With Djokovic expected to miss at least Wimbledon following knee surgery, suddenly this is not just a rivalry in men’s tennis, but the rivalry in men’s tennis. They are the two best (fit) players by a distance, with Sinner to be anointed as world No 1 in mere days and Alcaraz on the heels of the stricken Djokovic, ready to overtake him as world No 2.

This is one of those tennis quirks: the match that feels like a final but isn’t one, because of the way the draw has panned out. On the other side of the draw, Casper Ruud faces Alexander Zverev — Ruud, a two-time French Open finalist and Zverev, the form player in the last few months — but Sinner and Alcaraz have been operating at a different level the last year or so (longer, in Alcaraz’s case).

It’s early days in the rivalry, but there are a few things to assess already. It should be close, with both men winning four of their first eight matches against one another, before Alcaraz triumphed 2-6, 6-3, 3-6, 6-4, 6-3 at Roland Garros to move into the French Open final.

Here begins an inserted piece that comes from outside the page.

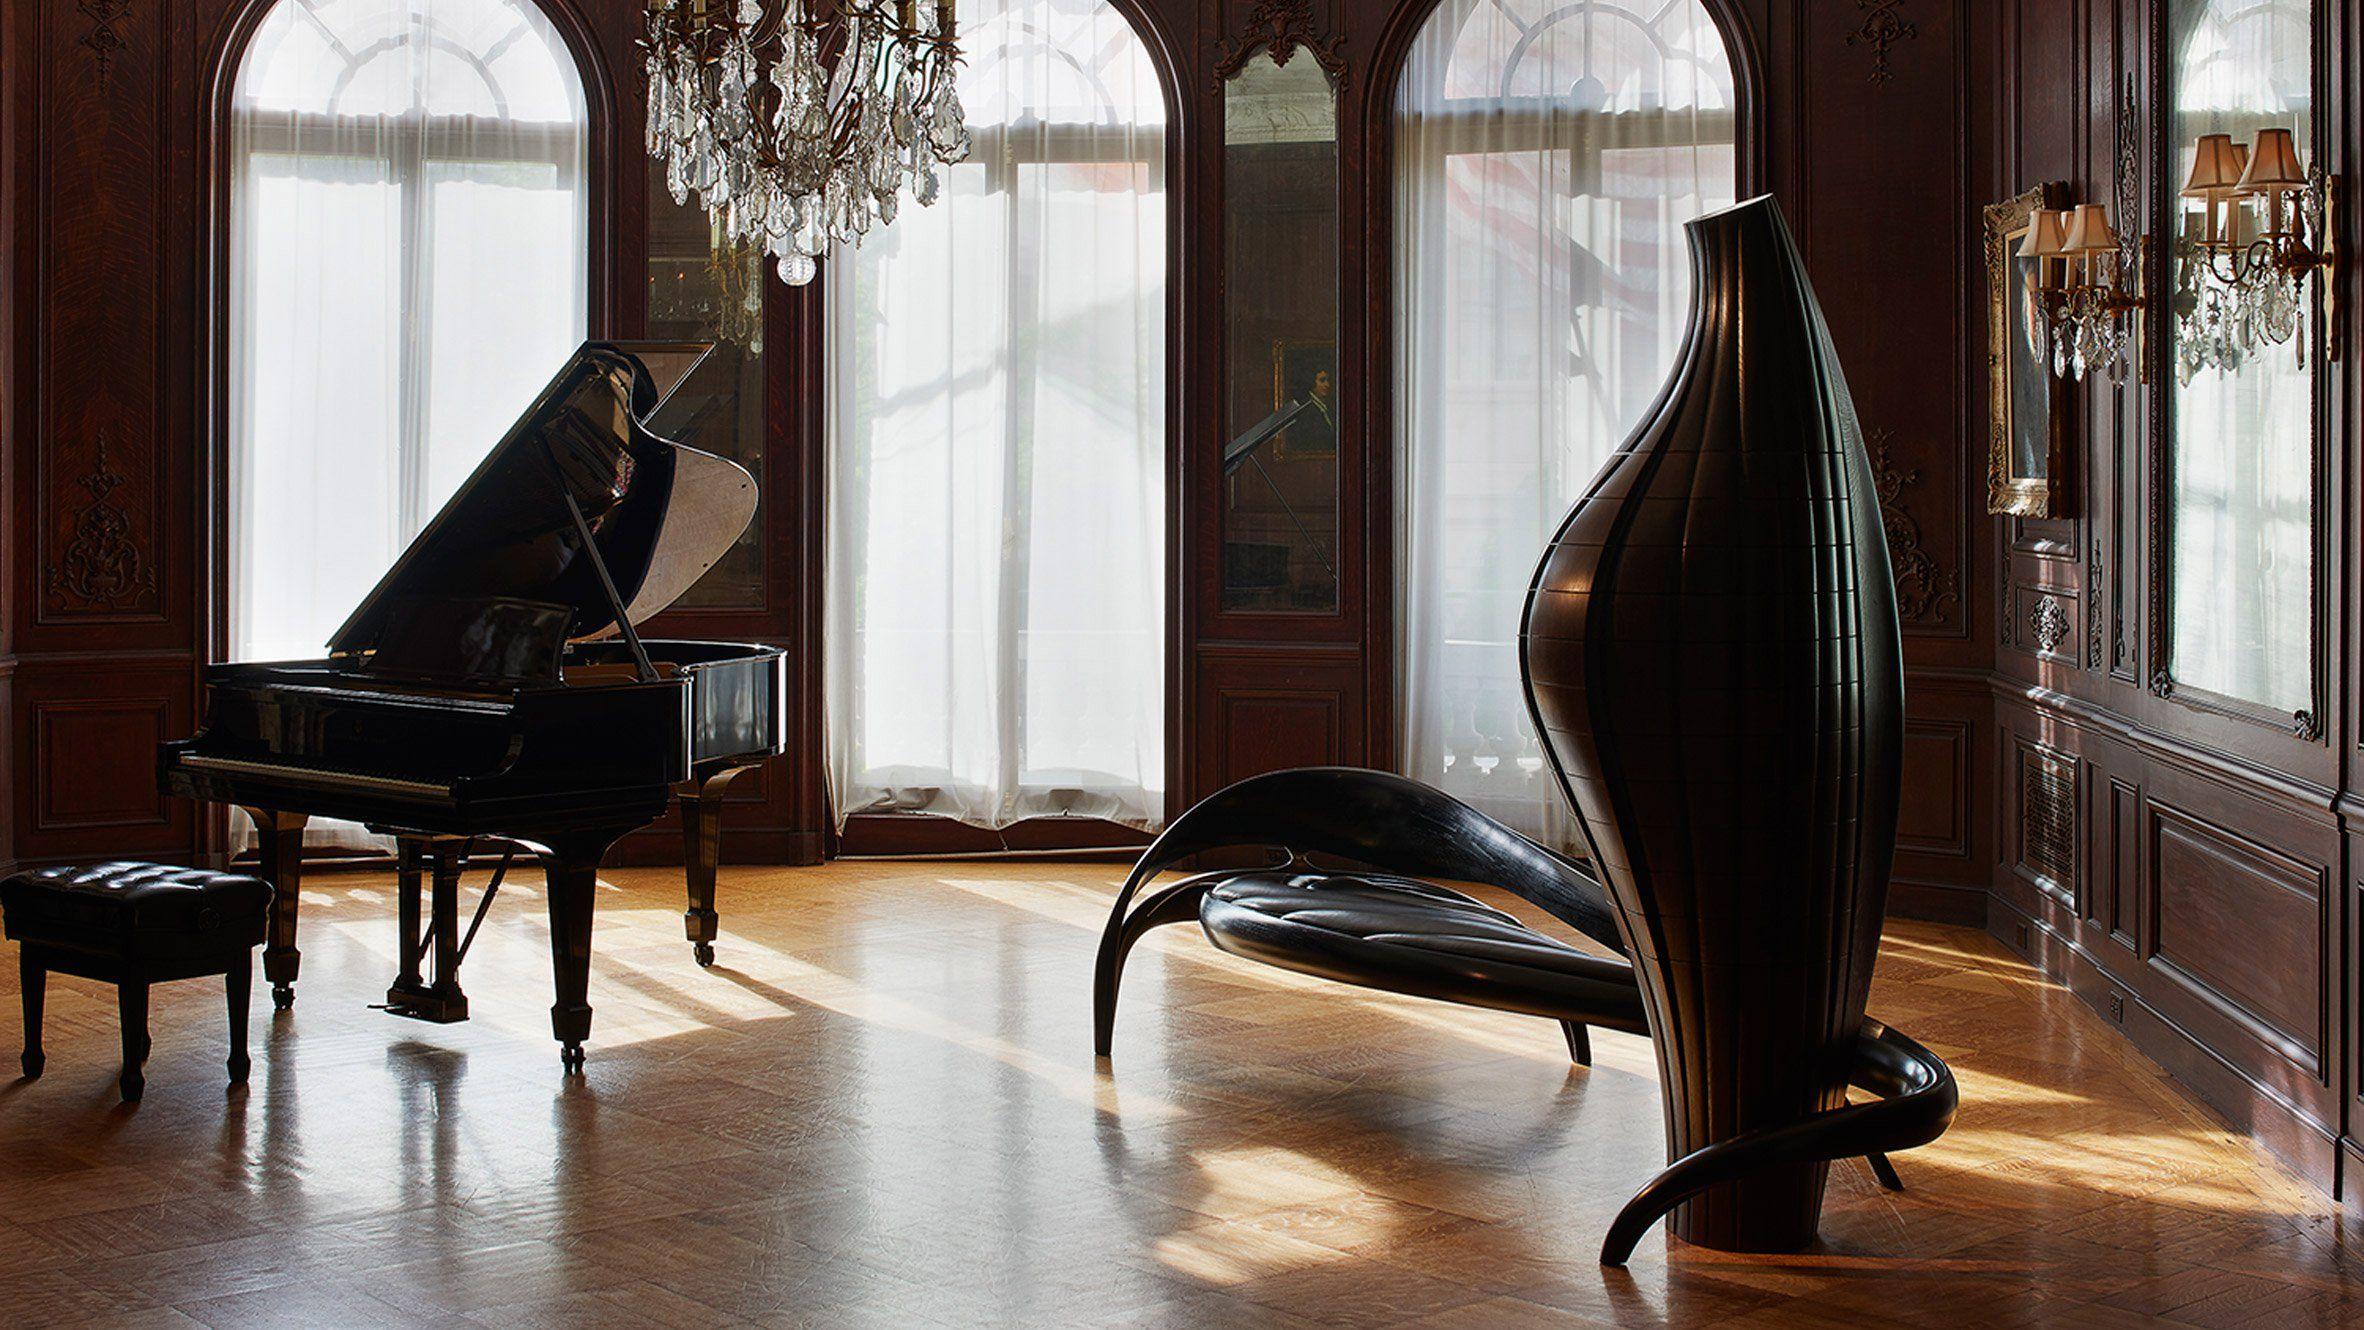 irish furniture workshop joseph walsh studio has showcased new rh pinterest co uk

This is not like the early stages of the Roger Federer-Nadal rivalry, which began with the latter winning six of their first seven encounters, or the one going on between two of the best women’s players in the world, with Iga Swiatek leading Coco Gauff 11-1 in their head-to-head.


Carlos Alcaraz prevailed to move 5-4 up in the head-to-head. (Tim Goode / Getty Images)

Nor does there appear to be a surface issue for either player against the other. Alcaraz has wins on indoor and outdoor hard, Sinner on outdoor hard, grass and clay. But they’ve only met once on those latter two surfaces and Alcaraz became Wimbledon champion in 2023 after four matches at SW19 the year prior, and also won at Queen’s. The clay rivalry, too, should be close if Alcaraz can emulate what he did on the slow hard courts Indian Wells, using his ability to vary spin, speed, and depth to throw Sinner off the metronomic, bludgeoning consistency that is a hallmark of his baseline tennis.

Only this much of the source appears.